5. Applicants state that the inability of the Fund Servicing Applicants to continue to serve as investment adviser or sub-adviser to the Funds would result in potential hardship for the Funds and their shareholders. Applicants will distribute to the boards of directors of the Funds (“Boards”), as soon as reasonably practicable and to the extent not already completed, written materials regarding the Judgment, any impact on the Funds, and the application. These materials will include an offer to meet in person to discuss the materials with each Board, including the directors who are not “interested persons,” as defined in section 2(a)(19) of the Act, of the Fund, and their independent legal counsel as defined in rule 0-1(a)(6) under the Act, if any. Applicants state they will provide each Board with all information concerning the Judgment and the application that is necessary for the Funds to fulfill their disclosure and other obligations under the federal securities laws.

6. Applicants also state that, if the Fund Servicing Applicants were barred from providing investment advisory services to the Funds, the effect on their businesses and employees would be severe. Applicants state that the Fund Servicing Applicants have committed substantial capital and other resources to establish an expertise in advising and sub-advising Funds. Applicants further state that prohibiting the Applicants from engaging in Fund Service Activities would not only adversely affect their businesses, but would also adversely affect approximately 52 employees who are actively involved in those activities.

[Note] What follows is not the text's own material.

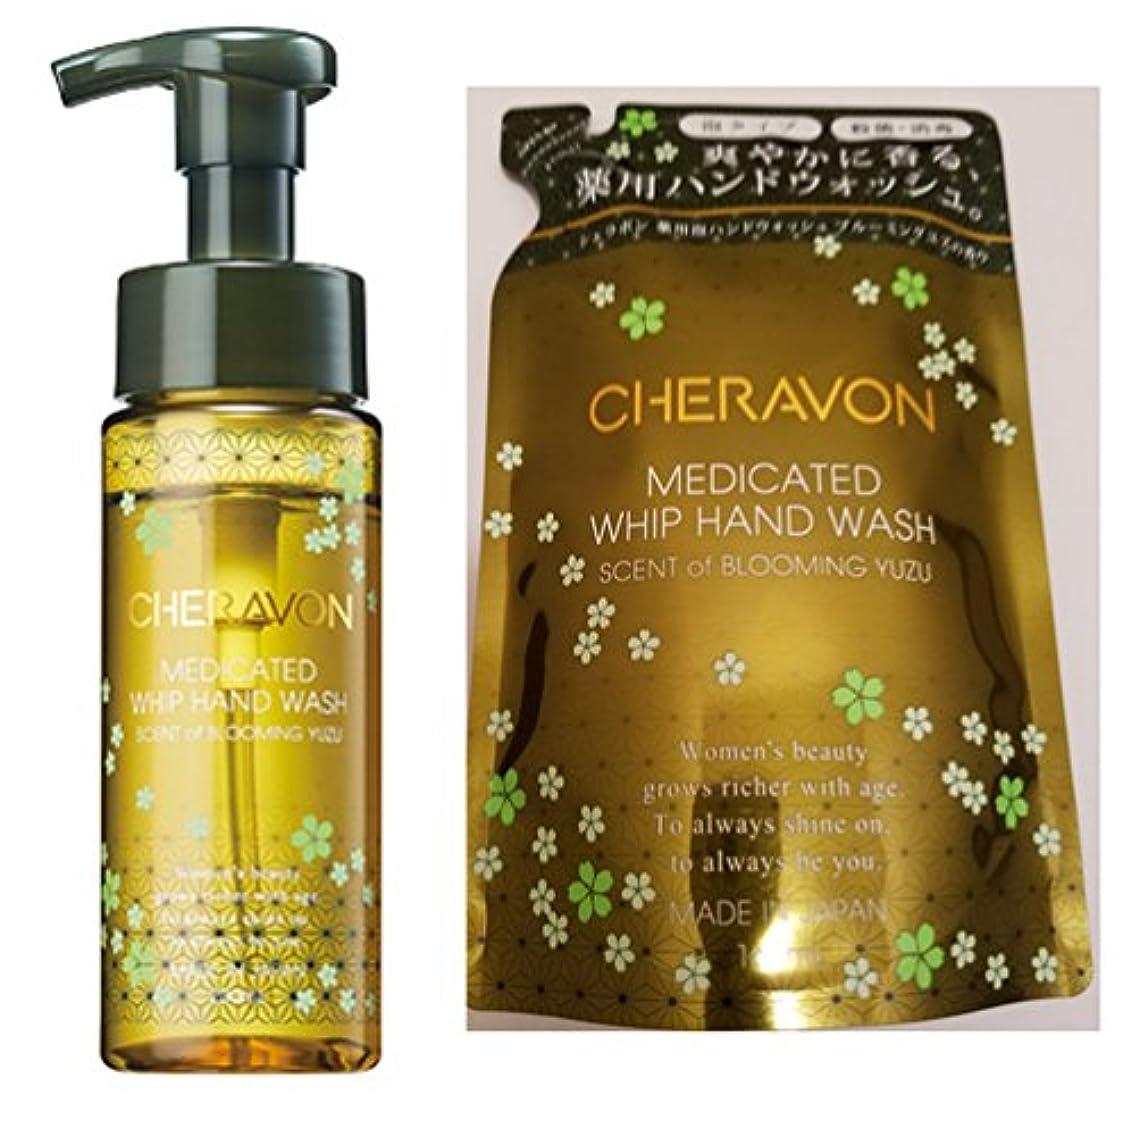 症候群マダムシェルターシェラボン 薬用泡 ハンドウォッシュ ブルーミング ゆずの香り セット(本体+レフィル お得な限定セット) CHERAVON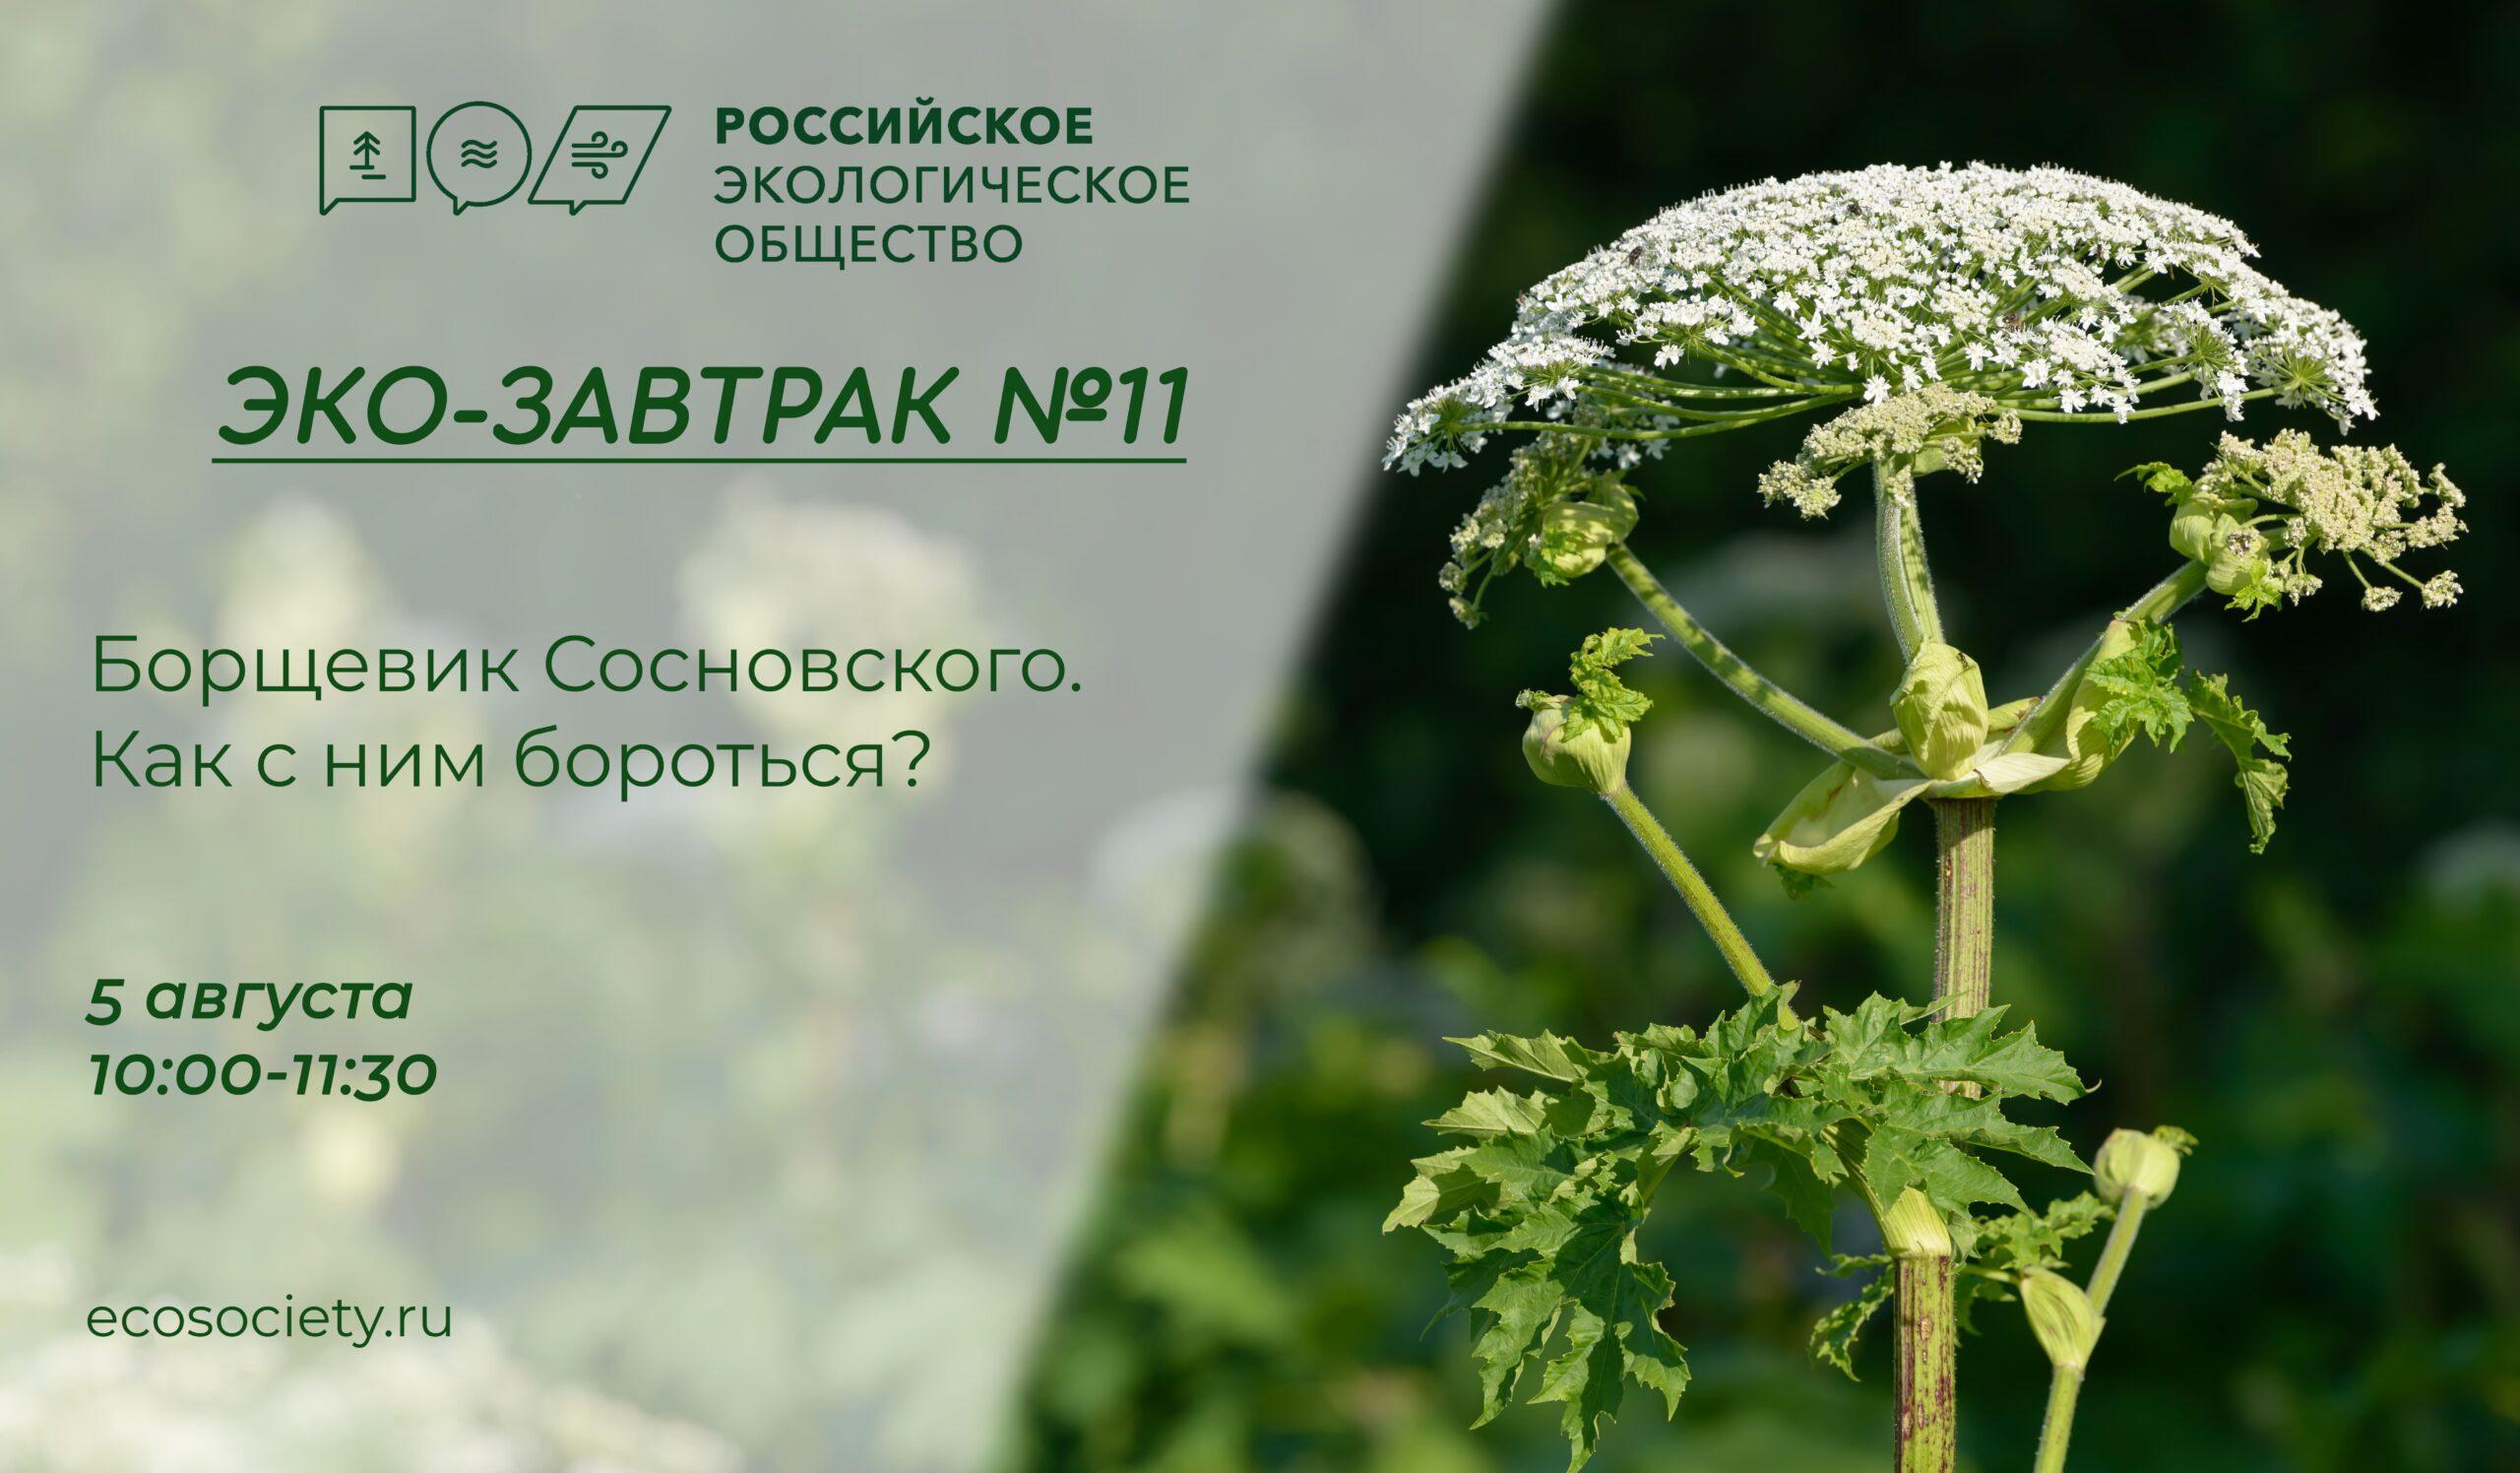 В Российском экологическом обществе состоится Эко-завтрак на тему «Борщевик Сосновского. Как с ним бороться?»

7. Applicants previously have received exemptions under section 9(c) as the result of conduct that triggered section 9(a) as described in greater detail in the application.

Applicants' Condition

Applicants agree that any order granting the requested relief will be subject to the following condition:

Any temporary exemption granted pursuant to the application shall be without prejudice to, and shall not limit the Commission's rights in any manner with respect to, any Commission investigation of, or administrative proceedings involving or against, Covered Persons, including, without limitation, the consideration by the Commission of a permanent exemption from section 9(a) of the Act requested pursuant to the application or the revocation or removal of any temporary exemptions granted under the Act in connection with the application.

Temporary Order

The Commission has considered the matter and finds that Applicants have made the necessary showing to justify granting a temporary exemption.

Accordingly,

It is hereby ordered, pursuant to section 9(c) of the Act, that Applicants and any other Covered Persons are granted a temporary exemption from the provisions of section 9(a), solely with respect to the Injunction, subject to the condition in the application, from December 16, 2009, until the Commission takes final action on their application for a permanent order.

Start Signature

By the Commission.

Florence E. Harmon,

Deputy Secretary.

End Signature End Supplemental Information

Footnotes

1.  Applicants request that any relief granted pursuant to the application also apply to any other company of which Investools is or hereafter may become an affiliated person within the meaning of section 2(a)(3) of the Act (together with the Applicants, the “Covered Persons”).

Back to Citation

2.  “Fund Service Activities” refers to serving or acting in the capacity of employee, officer, director, member of an advisory board, investment adviser, or depositor of any registered investment company, or principal underwriter for any registered open-end company, registered unit investment trust, or registered face-amount certificate company. Any registered investment company to which a Covered Person provides Fund Service Activities is a “Fund.”

Back to Citation

3.  Securities and Exchange Commission v. Investools Inc., Michael J. Drew and Eben D. Miller, Final Judgment as to Defendant Investools Inc., 09 Civ. 02343 (D.D.C. December 16, 2009).